2.4. Determination of live cell numbers

Experiments were conducted to measure the time- and concentration dependent effects of PFOA on the number of live cells. After 48 or 96 h of treatment, cells were trypsinized (TrypLE Express, Gibco, Denmark) after removing media and washing with phosphate buffered saline (PBS). Cells were collected and centrifuged at 800 x g for 5 min, then suspended in 1 mL PBS to determine cell numbers. An equal amount of cell suspension and trypan blue stain (10/10 μL) were mixed in a micro tube and live cells were counted via automated cell counter (Invitrogen Countess®, ThermoFisher Scientific, USA).

2.5. Cell cycle analysis

Flow cytometry analysis of vehicle control and PFOA treated cells was used to determine cell distributions in the cell cycle. Granulosa cells (4.0 × 105/mL) cultured in 12-well culture plates were detached by trypsinization (TrypLE Express, Gibco, Denmark), washed in PBS, fixed in 66% ice-cold ethanol, and stored at 4 °C until flow cytometry analysis. Before the analysis, cells were stained with Propidium Iodide in PBS according to manufacturer’s instructions (Propidium Iodide Flow Cytometric Kit; ab139418, Abcam, USA). Cells were then analyzed for cell cycle distribution via flow cytometry using a BD LSRII flow cytometer (BD Biosciences, USA).

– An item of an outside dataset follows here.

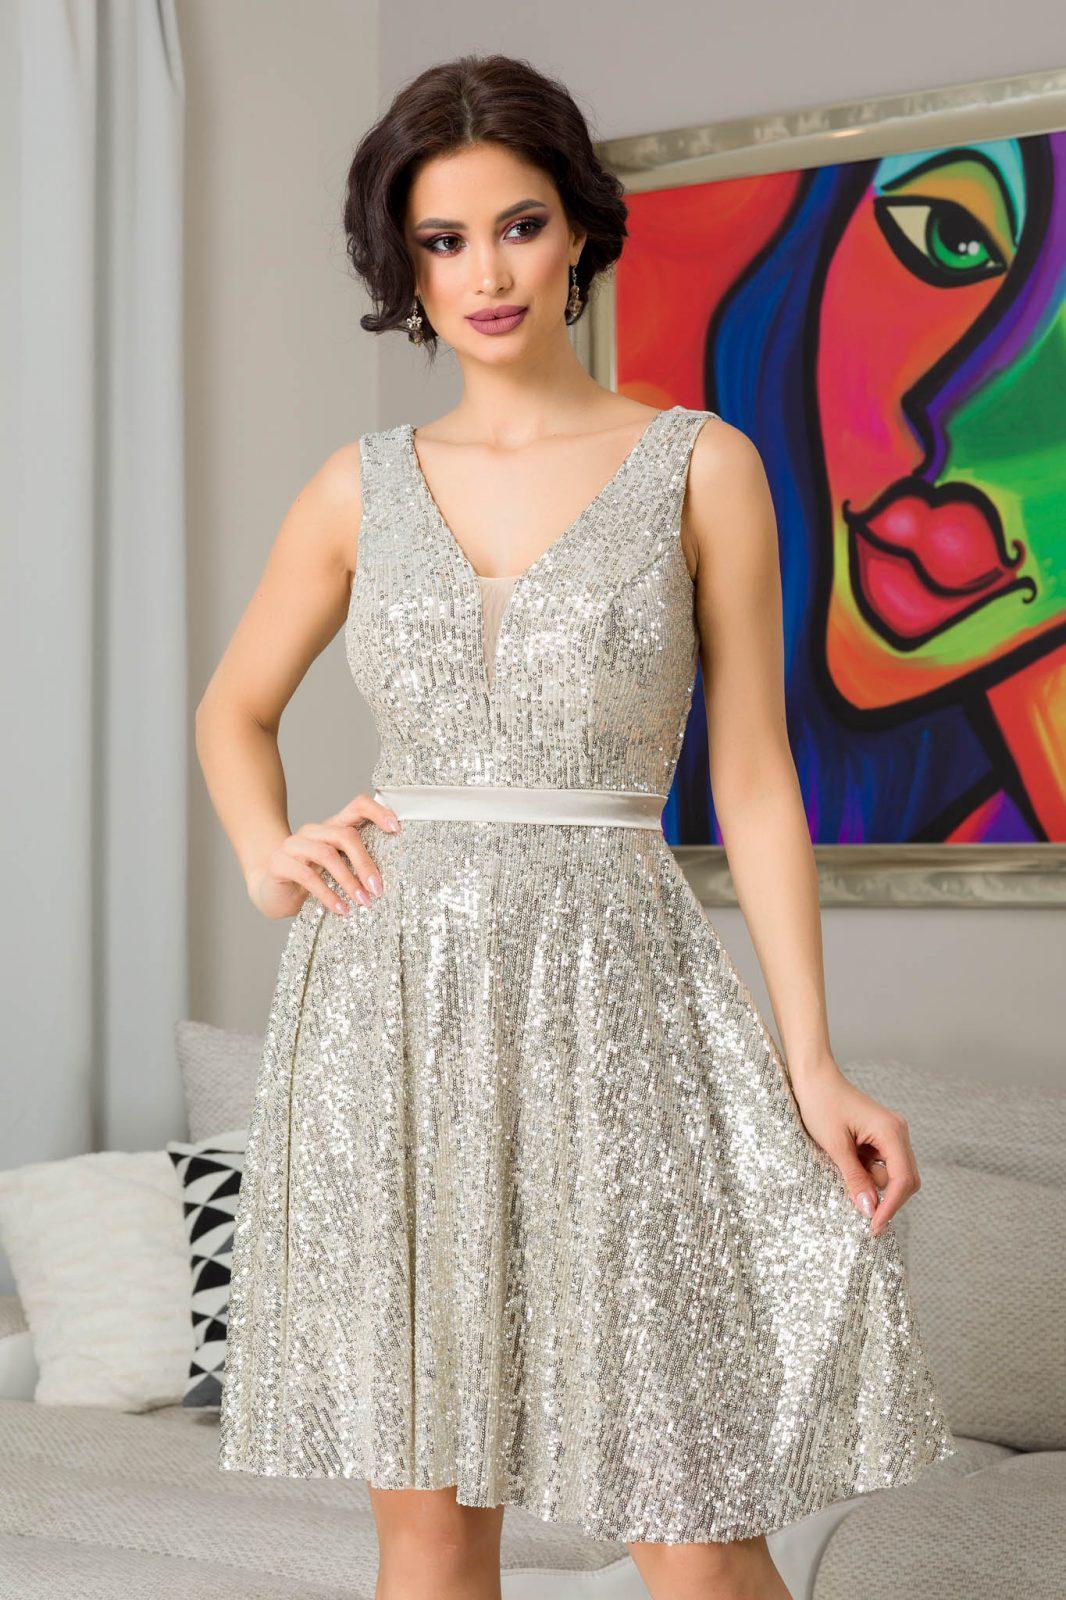 Bianca Nude Βραδινό Φόρεμα 7311 2

2.6. Measurement of estradiol and progesterone secretion

Media was collected at the end of each treatment period and stored at −80 °C until analysis. The progesterone and estradiol secreted by granulosa cells into the media were measured using commercial ELISA kits (Progesterone ELISA - EIA-1561, Estradiol ELISA - EIA-2693, DRG, USA) according to manufacturer’s instructions.

2.7. Quantitative real time PCR (qRT-PCR) analysis

Total RNA from granulosa cells was isolated using a commercial RNA extraction kit (Zymo Direct-zol Microprep Kit, Zymo Reserch Corporation, USA). The quality and concentration of RNA was determined using a NanoDrop (ND1000, Nanodrop Technologies, USA). Total RNA (500 ng) was reverse transcribed into cDNA with iScript Reverse Transcription Supermix (Bio-Rad, USA). Quantitative RT-PCR was performed using Sso Advanced Universal SYBR Green Supermix (Bio-Rad, USA) with Bio-Rad CFX96 Real-Time System (Bio-Rad, USA) as previously described (Clark et al., 2022). Gene-specific primer pairs were designed using the NCBI primer designing tool (http://www.ncbi.nlm.gov/tools/primer-blast/) and synthesized by Eurofins Genomics. The primers used in this study are shown in Supplemental Table 1. A melting curve analysis was performed to ensure a single and expected product was amplified for each primer pair. Relative quantification of mRNA levels of target genes was calculated using 2−ΔΔCt method (Livak and Schmittgen, 2001) and normalized to GAPDH as a housekeeping gene.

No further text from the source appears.